The US signed a new military agreement with South Korea that will see more US troops on the Korean peninsula due to provocations by North Korea.[1] “This allows both nations to jointly respond to the North's local provocations, with the South taking the lead and the US in support,” Kim Min-Seok said. “It will have the effect of preventing the North from daring to provoke us.”[2] The existing agreements between the US and South Korea allow for US intervention should a full-scale conflict break out. There is no provision for support in the case of a low-level incident, which is what takes place most of the time. The US provoked North Korea in order to bolster its presence in the region and increase its military footprint as it continues its ‘pivot’ to the Asia-Pacific. This is why Obama reiterated:“Washington has an obligation (to) defend the homeland (and) reassure South Korea and Japan that America’s defense commitments remain firm.”

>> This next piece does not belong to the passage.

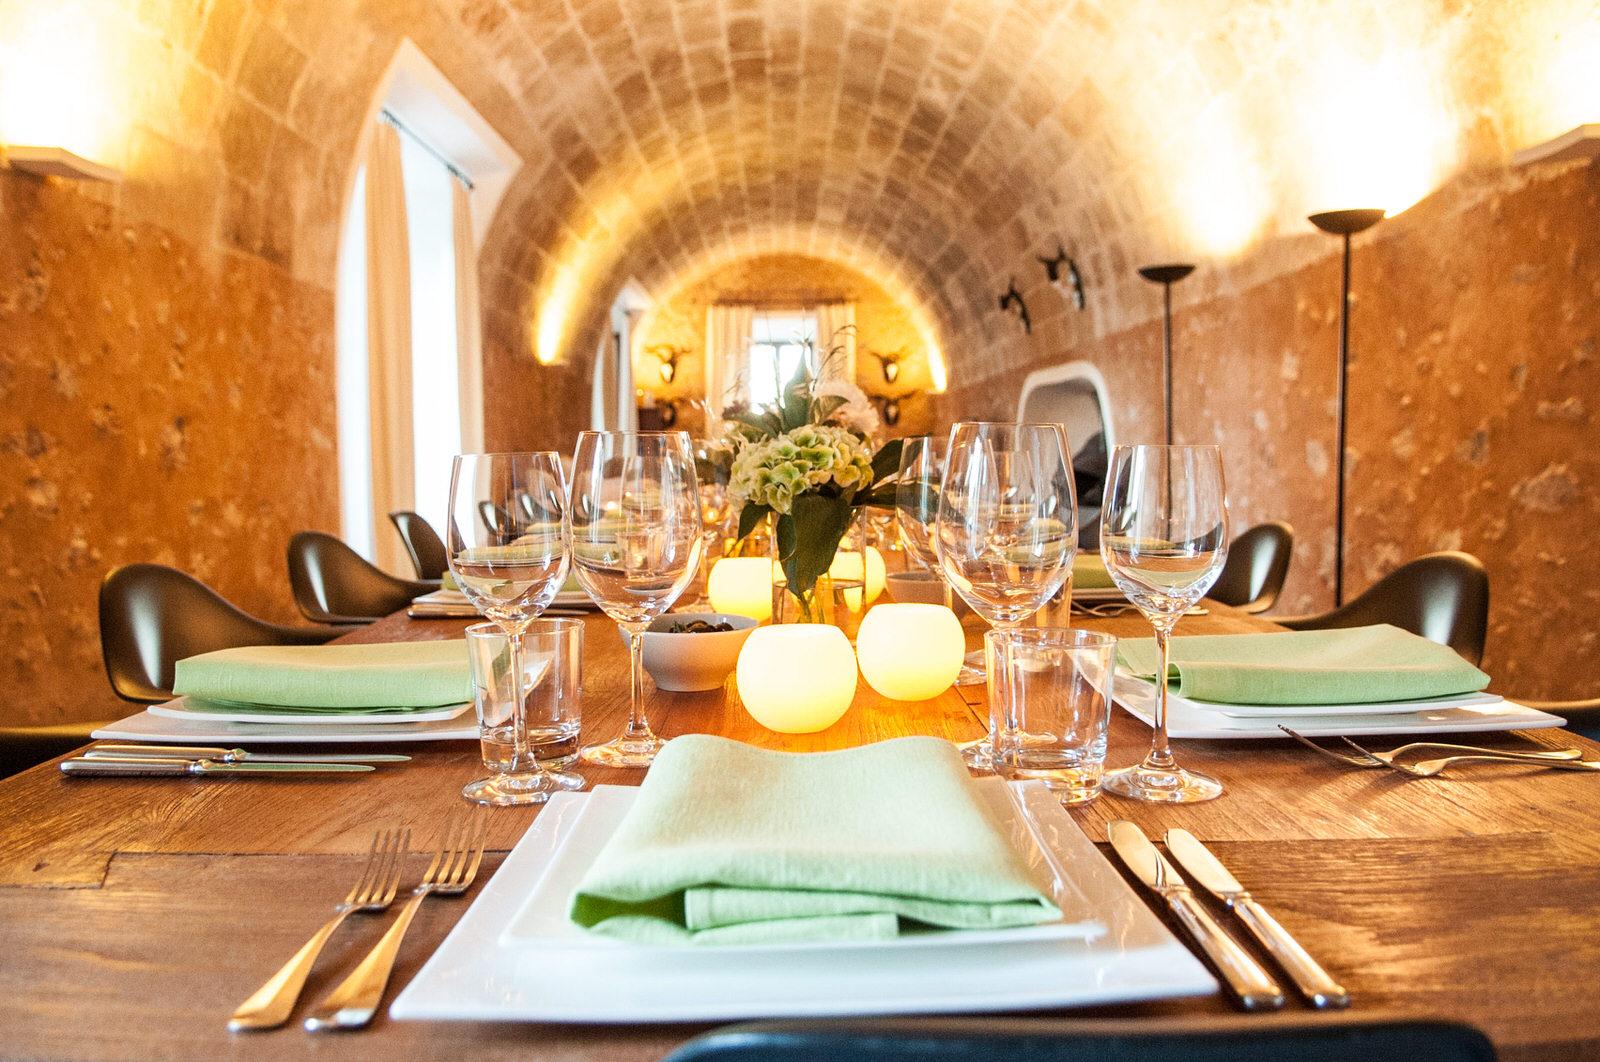 tuscany-wedding-planners-floristen-36.jpeg

North Korea has followed suit and continues to increase aggressive and unpredictable behaviour giving the impression that it is capable of doing anything, including using nuclear weapons, all in the hope of winning concessions at the negotiating table. With each provocation from the US, North Korea reciprocated with more saber rattling. With the US pivot to Asia in full swing more and more US military hardware is making its way to the region and the official justification for this is North Korea.

Since North Korea began conducting nuclear tests, the US position has been that Pyongyang should immediately stop as this is not favorable for regional peace and security. In 1994 an agreement was reached between the US and North Korea regarding North Korea’s nuclear reactors. This agreement called for North Korea to bring to halt its nuclear programme and shut down its reactors. This was in exchange for the US supplying two light-water type reactors. But the US failed to honor its part of the promise and North Korea resumed its nuclear activities. This has been the case ever since, the US offers a range of promises which do not materialize so North Korea continues with its nuclear programme.

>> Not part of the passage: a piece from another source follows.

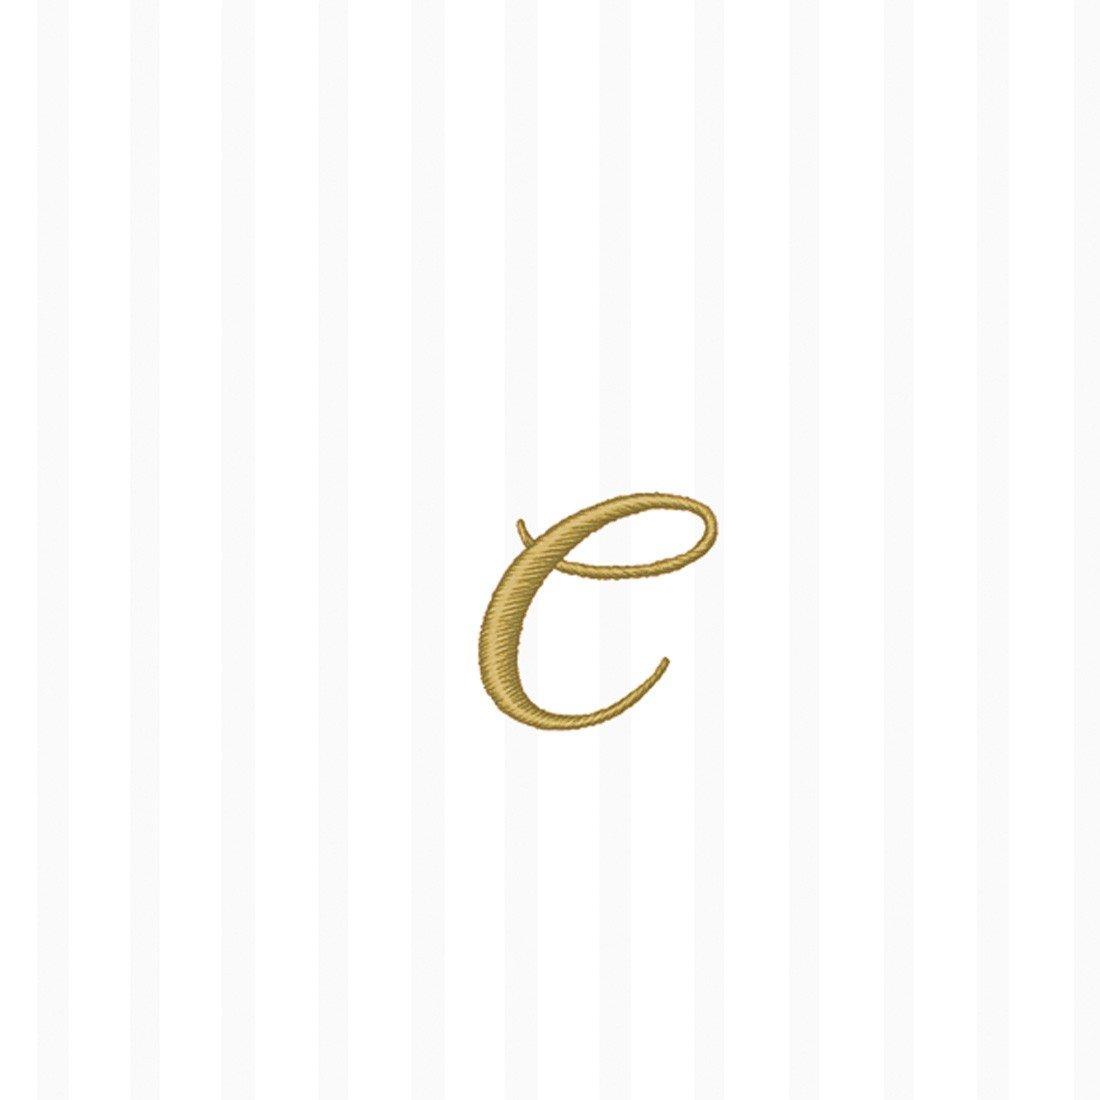 Ideal Home Range 20-Count 3-Ply Paper Stripes Again Monogram Cocktail Napkins, C, Ivory Stripe

The North Korean Nuclear weapons stand-off with the US is a direct result of US attempts to contain China. Ever since North Korea began conducted nuclear tests both China and the US have pursued multilateral talks, but both nations are looking achieve different objectives. China has worked for the reunification of North and South Korea, whilst the US has acted as an obstacle to this. The statements from such meetings have been contradictory where China has been pessimistic about the talks with distance on most issues whilst the US has continually remarked successful negotiations. As one policy paper: outlined “These U.S. troops are in the region not simply to fight the "terrorist groups" causing local instability, but to enhance U.S. military control over territory in the South China Sea. This strategic area with vast potential oil reserves sits aside the shipping lanes to the Middle East and offers access to much of Southeast Asia. The expanded U.S. presence and nascent military alliances with Southeast Asian nations exacerbates Chinese anxieties and impedes independent accords among Asian states through such mechanisms as the ASEAN Regional Forum.”[3]

The US has already begun calming matters. The visit of Indian Joint Secretary and Head of East Asian Affairs Gautam Bambawale to Pyongyang, which was conducted in secrecy, suggests a process of de escalation is afoot. Stratfor outlined his visit did not follow normal protocols and appears to have been planned within the last week or so. Stratfor believes Washington may have pushed for Bambawale to visit North Korea, in advance of his April 15 visit to Beijing, to help defuse the situation on the peninsula. Soon after this visit the US has confirmed it will delay the test of its intercontinental Ballistic missile (ICBM) in order to defuse tensions.[4] Although the rise in tensions in the North Korean crisis are from the recent long range missile testing they can also be seen in light of the fact that North Korea carries far reaching implications amongst the leading nations, its crucial positioning in the area proves to carry great geopolitical vantage especially to those intended on spreading their influence in the region.